In the data below, one line contains "SuperOcean watch" and a later one contains "Тёплое стёганое пальто". Print both, with every line between them, exactly and alone.
________
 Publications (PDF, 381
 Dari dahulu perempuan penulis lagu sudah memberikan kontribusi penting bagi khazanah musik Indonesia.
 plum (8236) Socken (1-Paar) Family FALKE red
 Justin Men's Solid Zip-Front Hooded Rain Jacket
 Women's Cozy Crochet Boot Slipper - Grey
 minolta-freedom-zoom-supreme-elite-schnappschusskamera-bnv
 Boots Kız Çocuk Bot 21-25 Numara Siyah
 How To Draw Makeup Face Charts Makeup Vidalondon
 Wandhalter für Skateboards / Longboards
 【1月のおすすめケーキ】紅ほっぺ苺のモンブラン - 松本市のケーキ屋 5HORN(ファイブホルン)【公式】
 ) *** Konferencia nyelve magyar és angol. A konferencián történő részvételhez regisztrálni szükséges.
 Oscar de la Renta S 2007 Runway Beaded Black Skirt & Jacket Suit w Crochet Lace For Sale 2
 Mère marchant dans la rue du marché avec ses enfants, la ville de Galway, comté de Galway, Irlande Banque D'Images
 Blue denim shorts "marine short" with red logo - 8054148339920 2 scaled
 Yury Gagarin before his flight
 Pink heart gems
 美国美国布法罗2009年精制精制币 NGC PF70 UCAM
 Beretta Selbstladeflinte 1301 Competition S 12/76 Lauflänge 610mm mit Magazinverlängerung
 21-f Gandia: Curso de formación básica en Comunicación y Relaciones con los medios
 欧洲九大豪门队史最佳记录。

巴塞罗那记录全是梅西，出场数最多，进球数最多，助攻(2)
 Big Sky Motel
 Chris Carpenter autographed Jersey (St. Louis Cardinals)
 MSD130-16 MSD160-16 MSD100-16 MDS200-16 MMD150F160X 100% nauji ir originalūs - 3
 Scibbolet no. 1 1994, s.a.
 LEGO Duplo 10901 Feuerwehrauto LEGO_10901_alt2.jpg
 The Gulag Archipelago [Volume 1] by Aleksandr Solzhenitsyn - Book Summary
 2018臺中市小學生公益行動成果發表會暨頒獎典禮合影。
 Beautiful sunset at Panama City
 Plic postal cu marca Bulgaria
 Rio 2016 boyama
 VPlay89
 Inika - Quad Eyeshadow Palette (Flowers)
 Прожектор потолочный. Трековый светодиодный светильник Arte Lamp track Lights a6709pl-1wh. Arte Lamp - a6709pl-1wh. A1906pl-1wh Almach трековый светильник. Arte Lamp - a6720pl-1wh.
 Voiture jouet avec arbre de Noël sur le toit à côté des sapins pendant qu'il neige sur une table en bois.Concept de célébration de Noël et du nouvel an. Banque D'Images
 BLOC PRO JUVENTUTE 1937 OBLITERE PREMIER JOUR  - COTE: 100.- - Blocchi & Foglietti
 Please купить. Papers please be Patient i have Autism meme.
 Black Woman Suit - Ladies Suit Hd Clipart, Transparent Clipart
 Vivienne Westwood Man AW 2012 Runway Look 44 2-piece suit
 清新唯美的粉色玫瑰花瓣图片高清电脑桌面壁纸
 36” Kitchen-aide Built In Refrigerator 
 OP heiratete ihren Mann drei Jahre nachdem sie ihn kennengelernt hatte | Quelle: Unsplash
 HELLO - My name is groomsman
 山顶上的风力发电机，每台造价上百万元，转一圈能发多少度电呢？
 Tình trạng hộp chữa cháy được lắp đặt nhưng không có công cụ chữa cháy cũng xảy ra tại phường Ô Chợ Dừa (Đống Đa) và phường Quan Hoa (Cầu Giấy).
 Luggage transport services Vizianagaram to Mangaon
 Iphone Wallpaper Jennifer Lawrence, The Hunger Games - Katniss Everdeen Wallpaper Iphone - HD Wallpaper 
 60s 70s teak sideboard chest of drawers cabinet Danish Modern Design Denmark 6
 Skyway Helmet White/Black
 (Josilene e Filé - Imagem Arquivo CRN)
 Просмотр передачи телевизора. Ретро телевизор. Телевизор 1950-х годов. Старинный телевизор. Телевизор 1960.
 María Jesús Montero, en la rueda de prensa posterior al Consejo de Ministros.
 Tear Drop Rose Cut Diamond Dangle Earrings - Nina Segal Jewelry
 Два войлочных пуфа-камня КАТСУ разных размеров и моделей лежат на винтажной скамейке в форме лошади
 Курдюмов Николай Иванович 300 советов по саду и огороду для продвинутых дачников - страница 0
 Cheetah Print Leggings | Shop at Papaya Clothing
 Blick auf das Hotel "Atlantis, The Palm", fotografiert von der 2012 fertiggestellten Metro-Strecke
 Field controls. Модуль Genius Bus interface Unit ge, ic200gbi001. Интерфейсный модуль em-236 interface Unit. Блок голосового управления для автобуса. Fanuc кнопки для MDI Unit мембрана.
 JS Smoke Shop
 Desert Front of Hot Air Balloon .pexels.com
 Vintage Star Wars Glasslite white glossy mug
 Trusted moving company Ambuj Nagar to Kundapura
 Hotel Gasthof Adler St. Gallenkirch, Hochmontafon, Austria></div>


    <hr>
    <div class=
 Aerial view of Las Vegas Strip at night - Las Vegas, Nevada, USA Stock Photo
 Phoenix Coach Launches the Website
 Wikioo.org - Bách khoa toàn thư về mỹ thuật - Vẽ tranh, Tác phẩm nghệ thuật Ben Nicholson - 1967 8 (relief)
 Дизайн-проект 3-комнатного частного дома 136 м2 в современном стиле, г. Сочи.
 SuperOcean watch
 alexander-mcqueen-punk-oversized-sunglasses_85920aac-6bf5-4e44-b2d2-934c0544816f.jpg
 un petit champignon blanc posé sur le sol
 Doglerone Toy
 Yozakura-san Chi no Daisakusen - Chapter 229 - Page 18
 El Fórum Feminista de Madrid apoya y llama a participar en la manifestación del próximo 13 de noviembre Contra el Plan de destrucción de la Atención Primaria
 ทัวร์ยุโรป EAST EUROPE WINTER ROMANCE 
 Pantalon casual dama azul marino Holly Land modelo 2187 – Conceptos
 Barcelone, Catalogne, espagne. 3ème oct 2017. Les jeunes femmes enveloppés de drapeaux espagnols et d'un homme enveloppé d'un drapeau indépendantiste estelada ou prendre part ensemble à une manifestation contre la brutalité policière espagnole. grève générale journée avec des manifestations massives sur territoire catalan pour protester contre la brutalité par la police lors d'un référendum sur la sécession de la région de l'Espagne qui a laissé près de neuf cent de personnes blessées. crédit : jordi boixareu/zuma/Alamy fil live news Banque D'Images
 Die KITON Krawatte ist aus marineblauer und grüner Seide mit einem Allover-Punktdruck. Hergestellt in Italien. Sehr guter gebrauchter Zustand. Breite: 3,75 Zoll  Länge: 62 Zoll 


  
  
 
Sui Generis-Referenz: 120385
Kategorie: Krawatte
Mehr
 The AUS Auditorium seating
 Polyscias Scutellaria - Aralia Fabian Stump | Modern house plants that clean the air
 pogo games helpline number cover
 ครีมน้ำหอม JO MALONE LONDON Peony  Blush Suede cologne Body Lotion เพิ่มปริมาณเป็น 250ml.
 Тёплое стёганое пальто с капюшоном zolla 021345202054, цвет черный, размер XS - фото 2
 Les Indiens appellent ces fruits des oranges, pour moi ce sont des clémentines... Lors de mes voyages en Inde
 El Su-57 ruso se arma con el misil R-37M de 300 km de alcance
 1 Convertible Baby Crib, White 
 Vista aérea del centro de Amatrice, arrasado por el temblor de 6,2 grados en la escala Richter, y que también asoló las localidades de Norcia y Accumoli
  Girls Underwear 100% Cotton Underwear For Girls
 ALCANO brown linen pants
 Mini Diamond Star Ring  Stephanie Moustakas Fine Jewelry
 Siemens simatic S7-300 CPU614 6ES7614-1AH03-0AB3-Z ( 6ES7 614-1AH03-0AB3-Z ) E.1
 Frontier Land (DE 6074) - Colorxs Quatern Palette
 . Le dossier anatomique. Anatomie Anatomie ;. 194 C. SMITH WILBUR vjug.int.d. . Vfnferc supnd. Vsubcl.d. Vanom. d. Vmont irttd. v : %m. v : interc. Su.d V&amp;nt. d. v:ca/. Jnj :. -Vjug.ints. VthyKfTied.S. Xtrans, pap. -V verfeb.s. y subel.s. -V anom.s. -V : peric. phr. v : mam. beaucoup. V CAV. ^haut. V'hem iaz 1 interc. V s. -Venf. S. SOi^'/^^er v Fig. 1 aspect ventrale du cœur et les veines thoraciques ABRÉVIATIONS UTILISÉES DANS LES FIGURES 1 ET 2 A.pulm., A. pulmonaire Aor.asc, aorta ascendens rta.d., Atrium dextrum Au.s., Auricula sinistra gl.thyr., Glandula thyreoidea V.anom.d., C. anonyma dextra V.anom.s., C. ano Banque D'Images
________
- Response area
 SuperOcean watch
 alexander-mcqueen-punk-oversized-sunglasses_85920aac-6bf5-4e44-b2d2-934c0544816f.jpg
 un petit champignon blanc posé sur le sol
 Doglerone Toy
 Yozakura-san Chi no Daisakusen - Chapter 229 - Page 18
 El Fórum Feminista de Madrid apoya y llama a participar en la manifestación del próximo 13 de noviembre Contra el Plan de destrucción de la Atención Primaria
 ทัวร์ยุโรป EAST EUROPE WINTER ROMANCE 
 Pantalon casual dama azul marino Holly Land modelo 2187 – Conceptos
 Barcelone, Catalogne, espagne. 3ème oct 2017. Les jeunes femmes enveloppés de drapeaux espagnols et d'un homme enveloppé d'un drapeau indépendantiste estelada ou prendre part ensemble à une manifestation contre la brutalité policière espagnole. grève générale journée avec des manifestations massives sur territoire catalan pour protester contre la brutalité par la police lors d'un référendum sur la sécession de la région de l'Espagne qui a laissé près de neuf cent de personnes blessées. crédit : jordi boixareu/zuma/Alamy fil live news Banque D'Images
 Die KITON Krawatte ist aus marineblauer und grüner Seide mit einem Allover-Punktdruck. Hergestellt in Italien. Sehr guter gebrauchter Zustand. Breite: 3,75 Zoll  Länge: 62 Zoll 


  
  
 
Sui Generis-Referenz: 120385
Kategorie: Krawatte
Mehr
 The AUS Auditorium seating
 Polyscias Scutellaria - Aralia Fabian Stump | Modern house plants that clean the air
 pogo games helpline number cover
 ครีมน้ำหอม JO MALONE LONDON Peony  Blush Suede cologne Body Lotion เพิ่มปริมาณเป็น 250ml.
 Тёплое стёганое пальто с капюшоном zolla 021345202054, цвет черный, размер XS - фото 2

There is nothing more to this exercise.